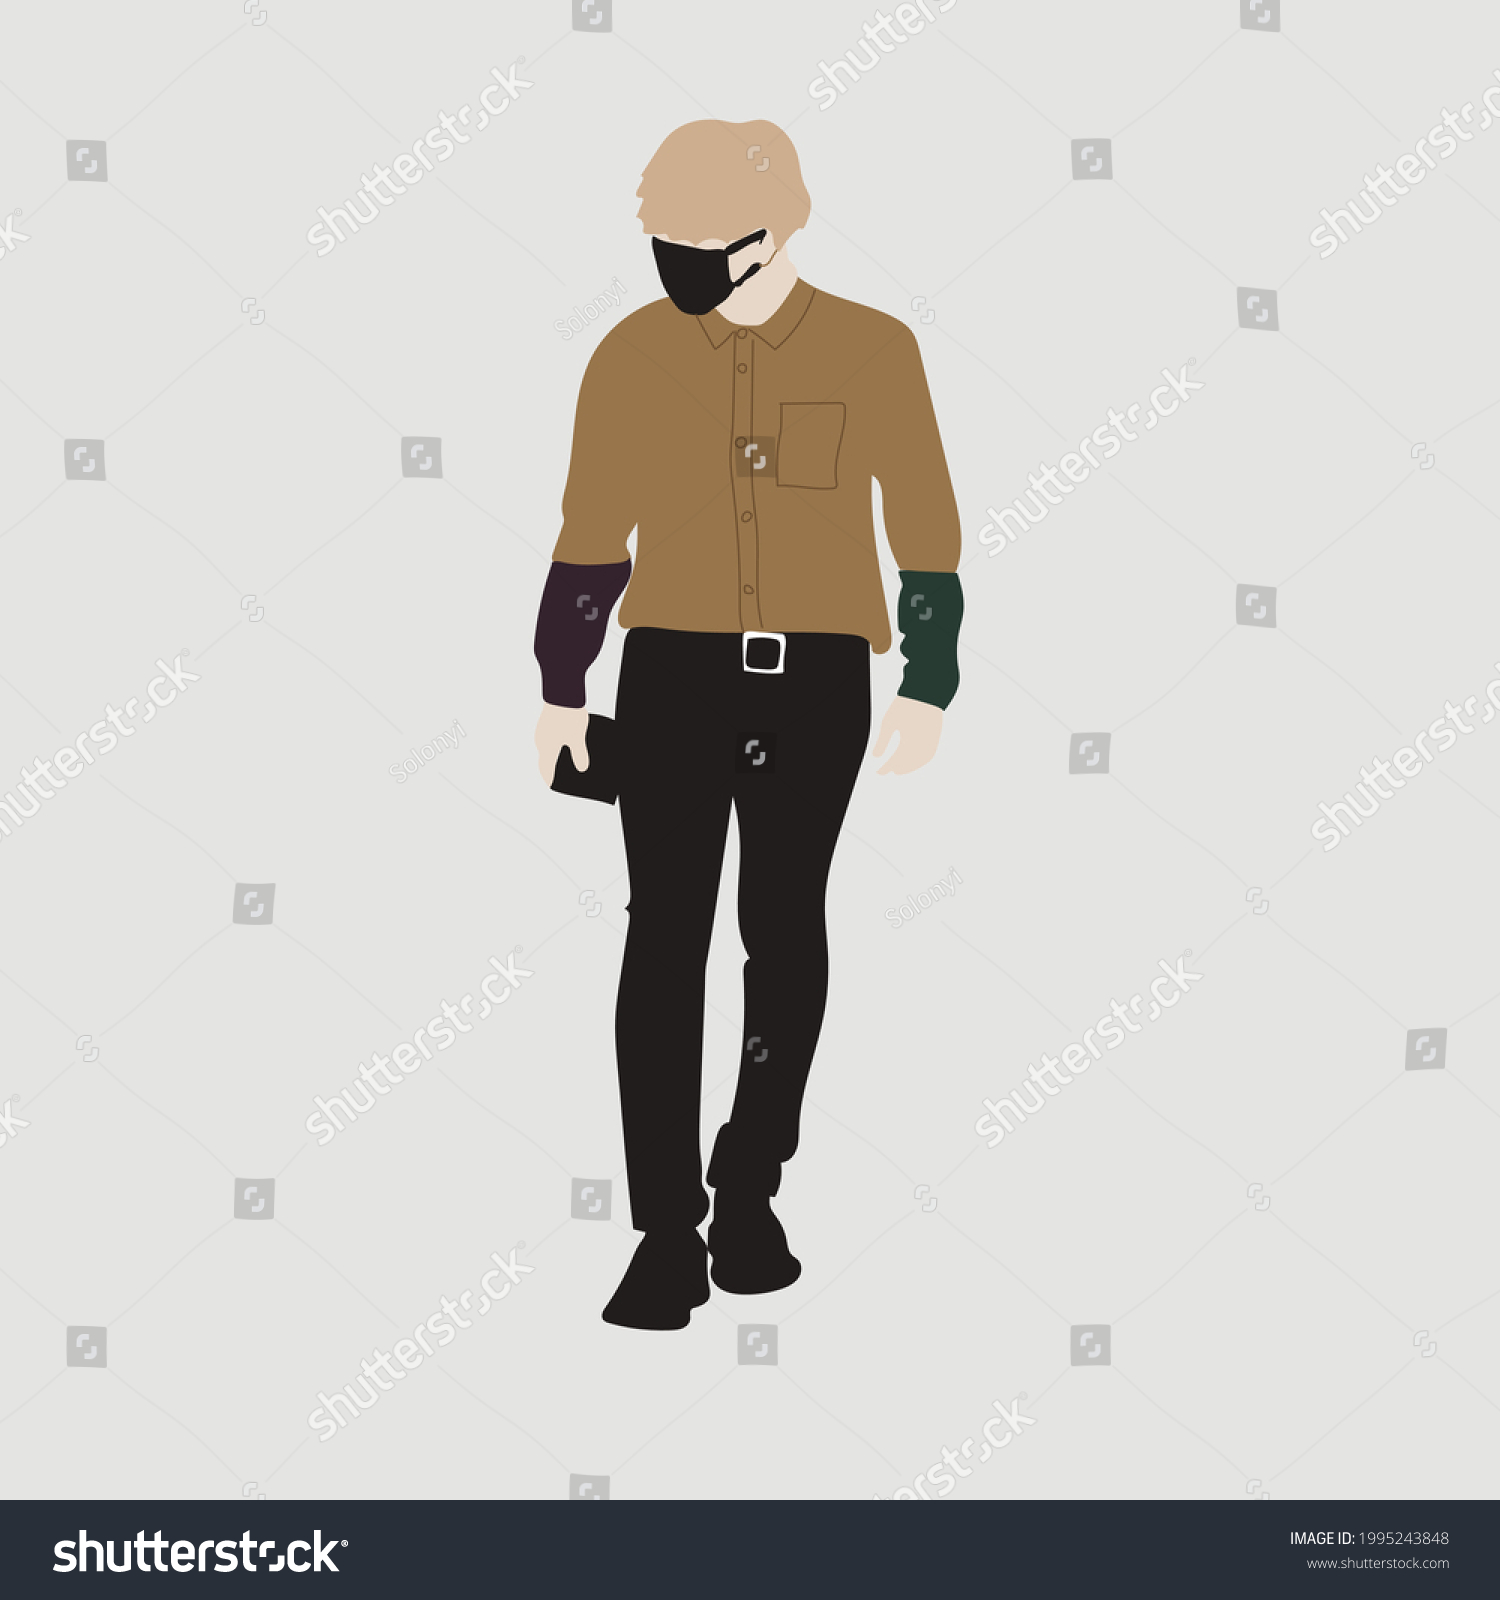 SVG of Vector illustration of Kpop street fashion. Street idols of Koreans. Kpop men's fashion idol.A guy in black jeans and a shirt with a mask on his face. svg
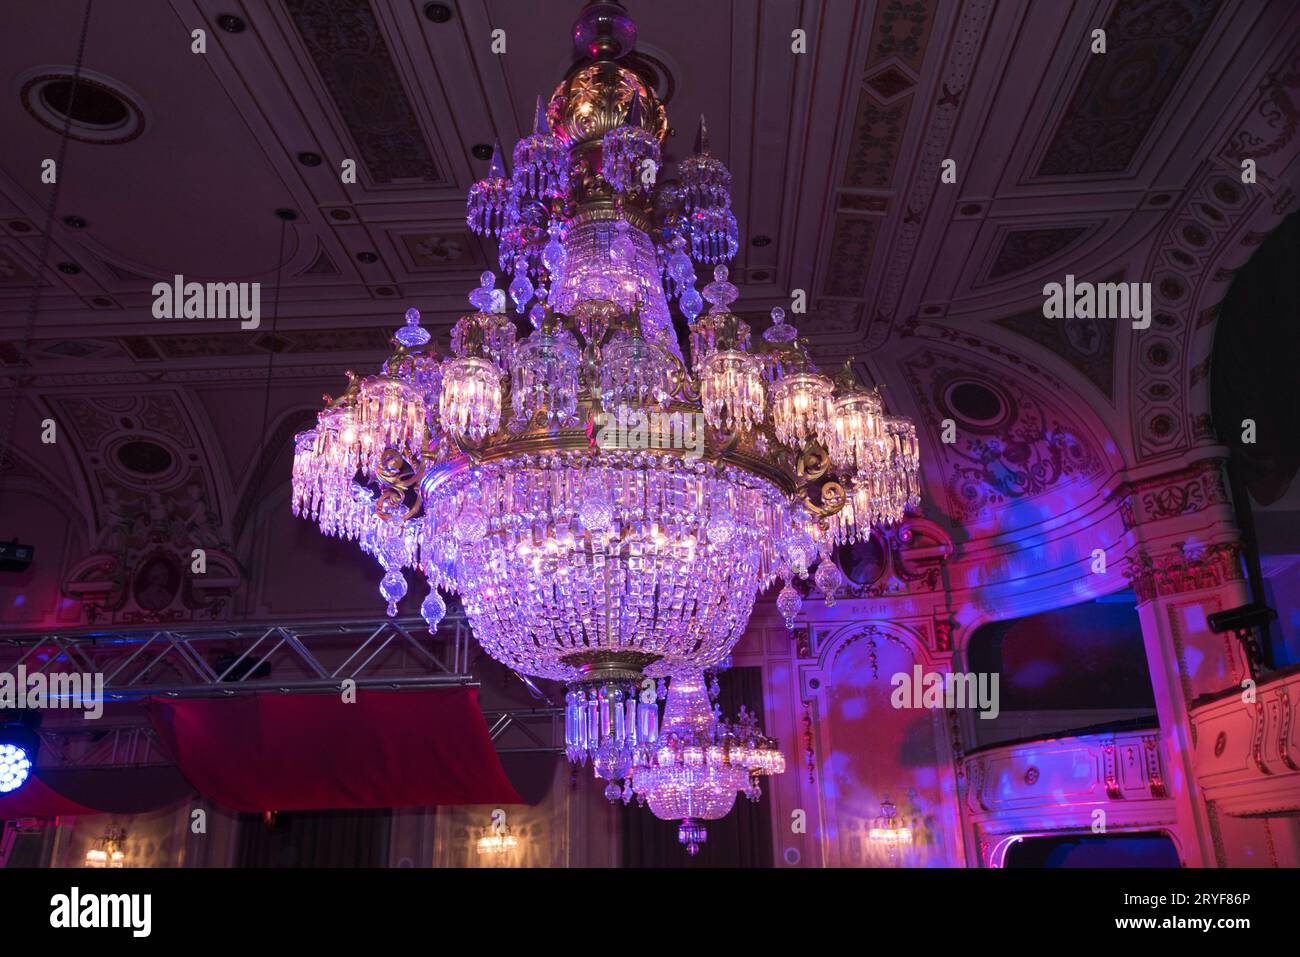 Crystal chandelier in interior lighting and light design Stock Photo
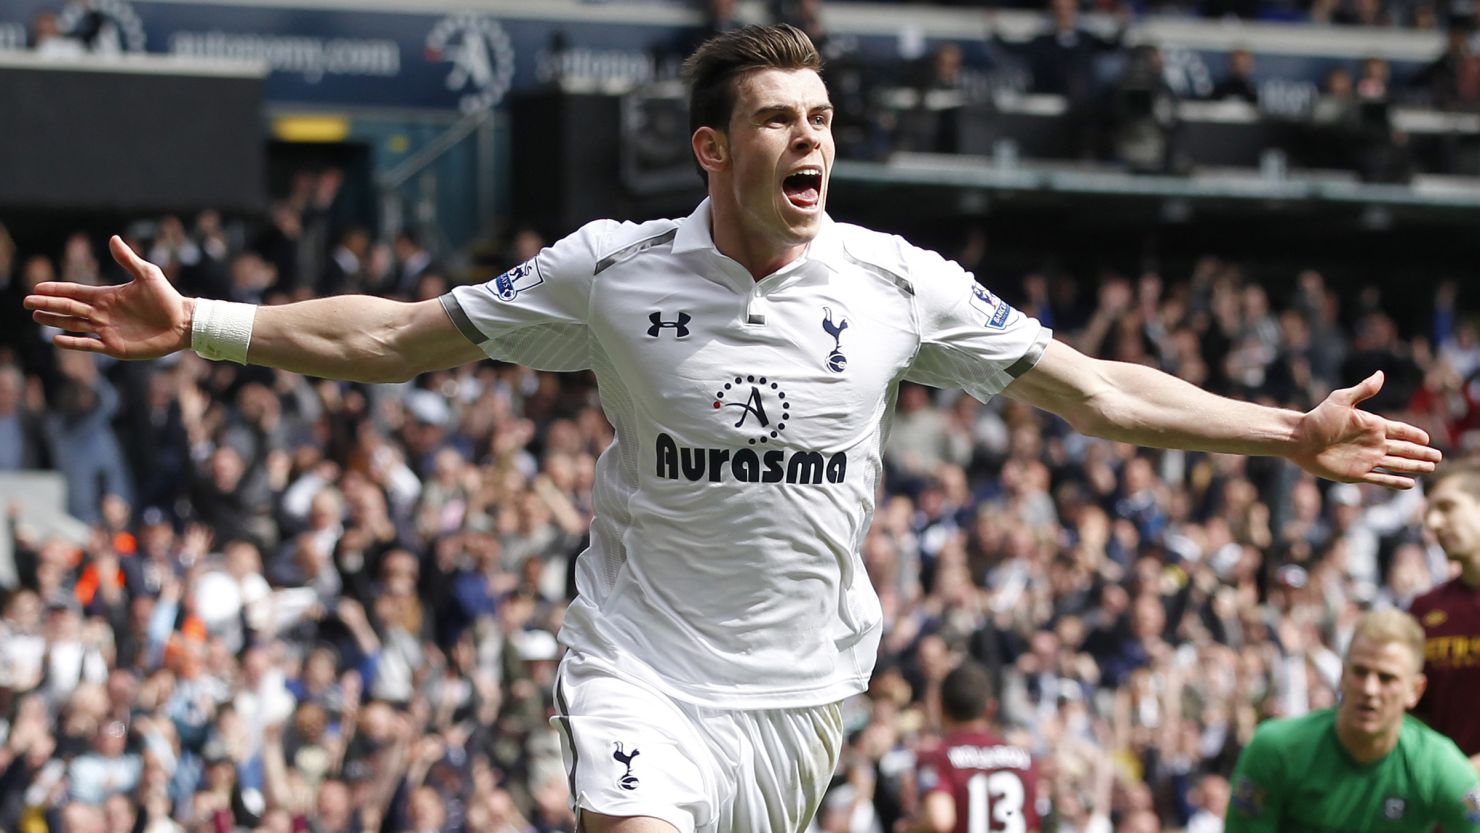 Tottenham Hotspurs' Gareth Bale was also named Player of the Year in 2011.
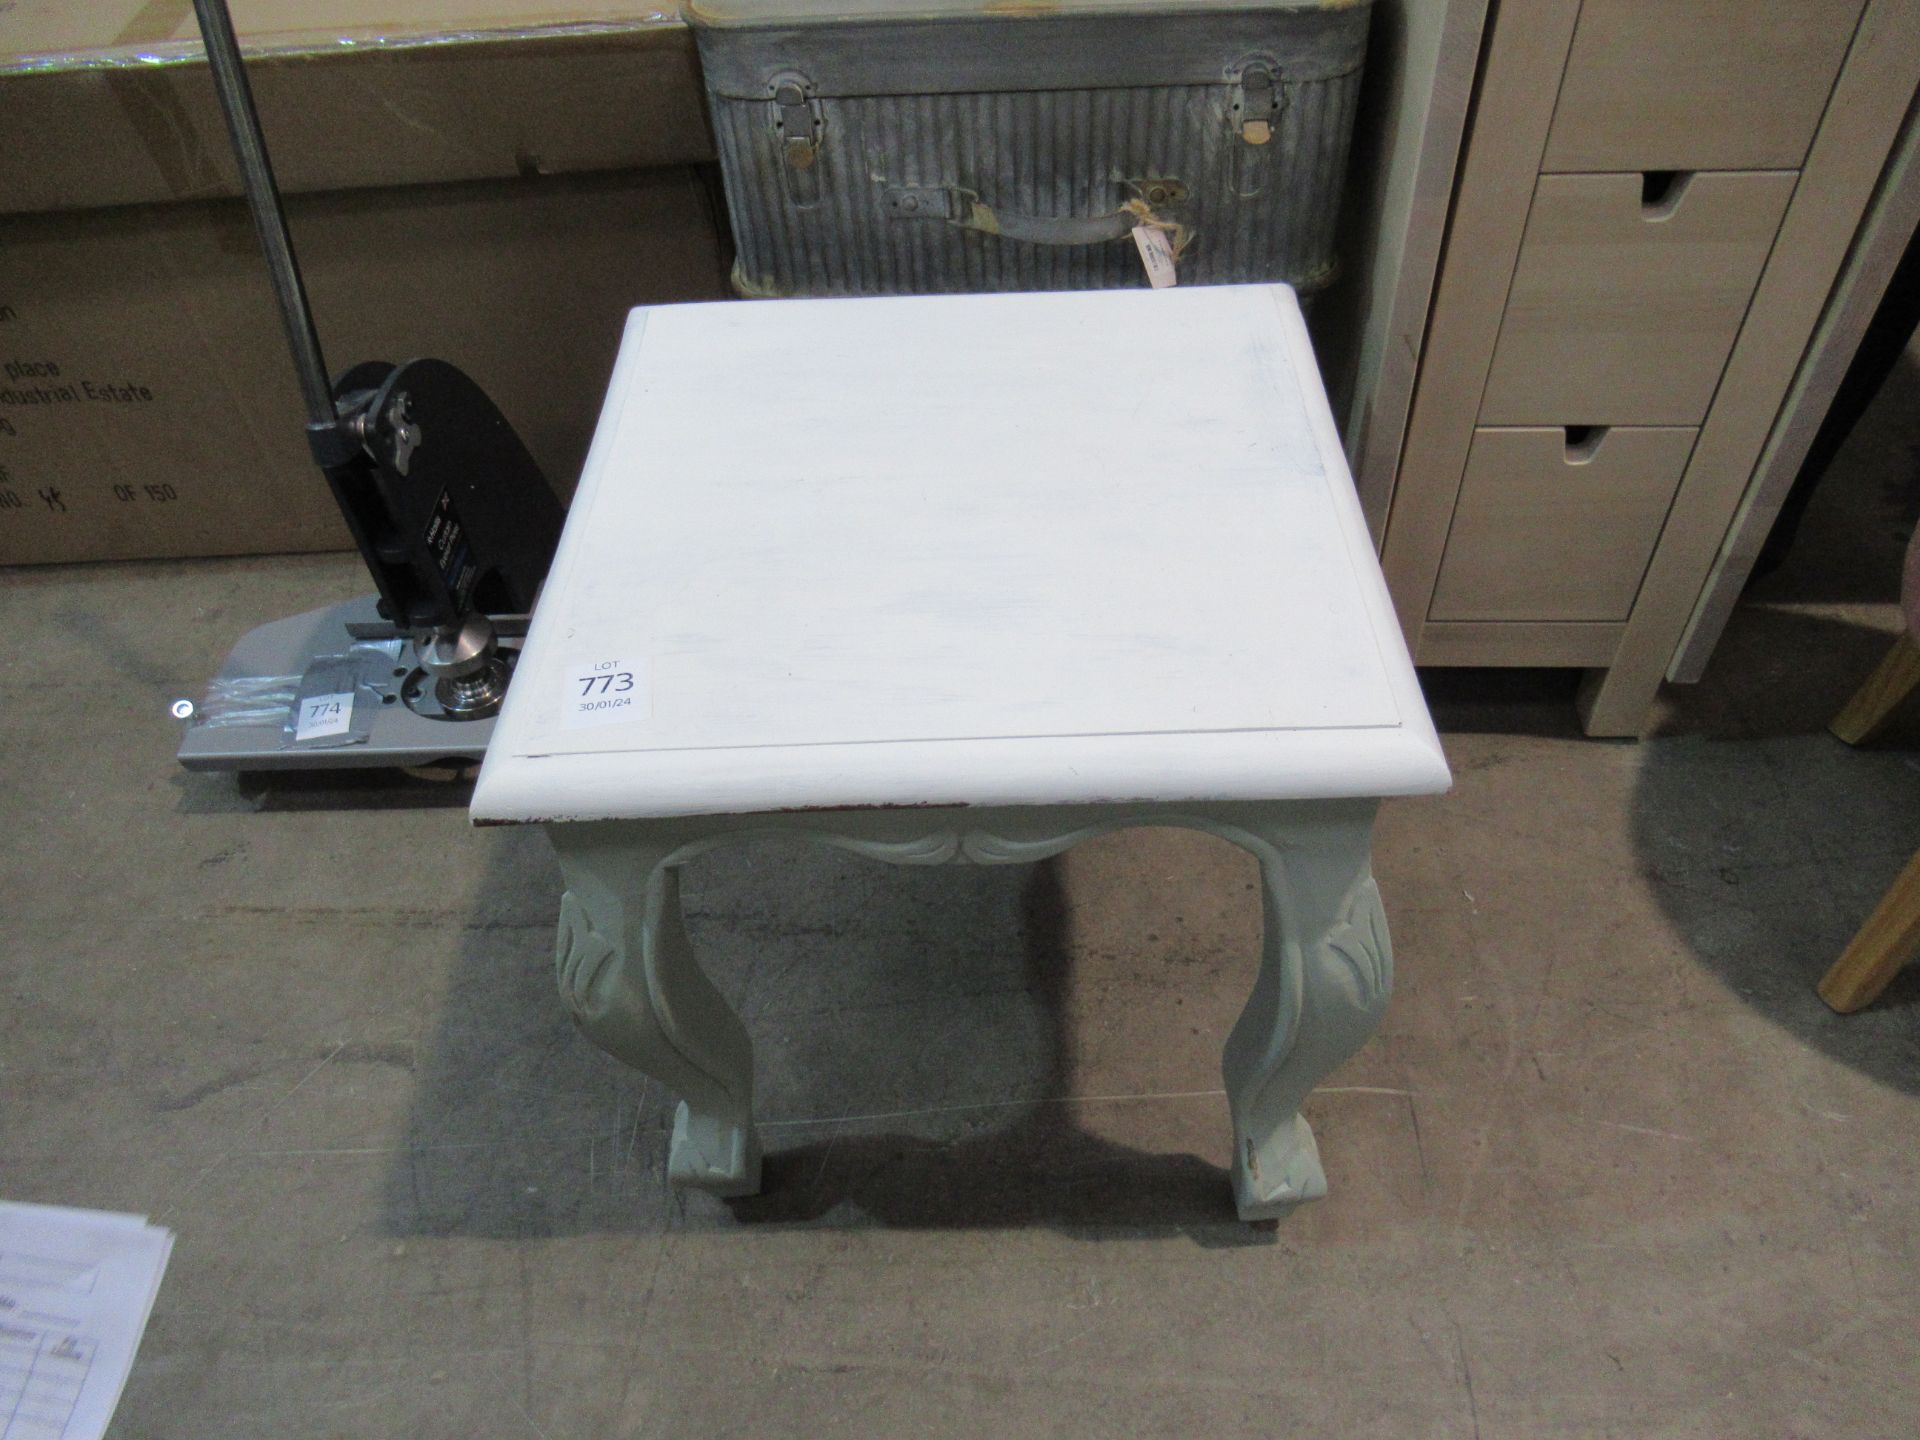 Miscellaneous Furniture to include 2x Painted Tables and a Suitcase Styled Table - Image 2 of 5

### REQUIRED ACTION:
Beginning with the first line of the material above, please output each line exactly through the line that contains "Crystal chandelier in", and only those, leaving out pictures.

### RESPONSE BOX:
 SVG of Vector illustration of Kpop street fashion. Street idols of Koreans. Kpop men's fashion idol.A guy in black jeans and a shirt with a mask on his face. svg
 Crystal chandelier in interior lighting and light design Stock Photo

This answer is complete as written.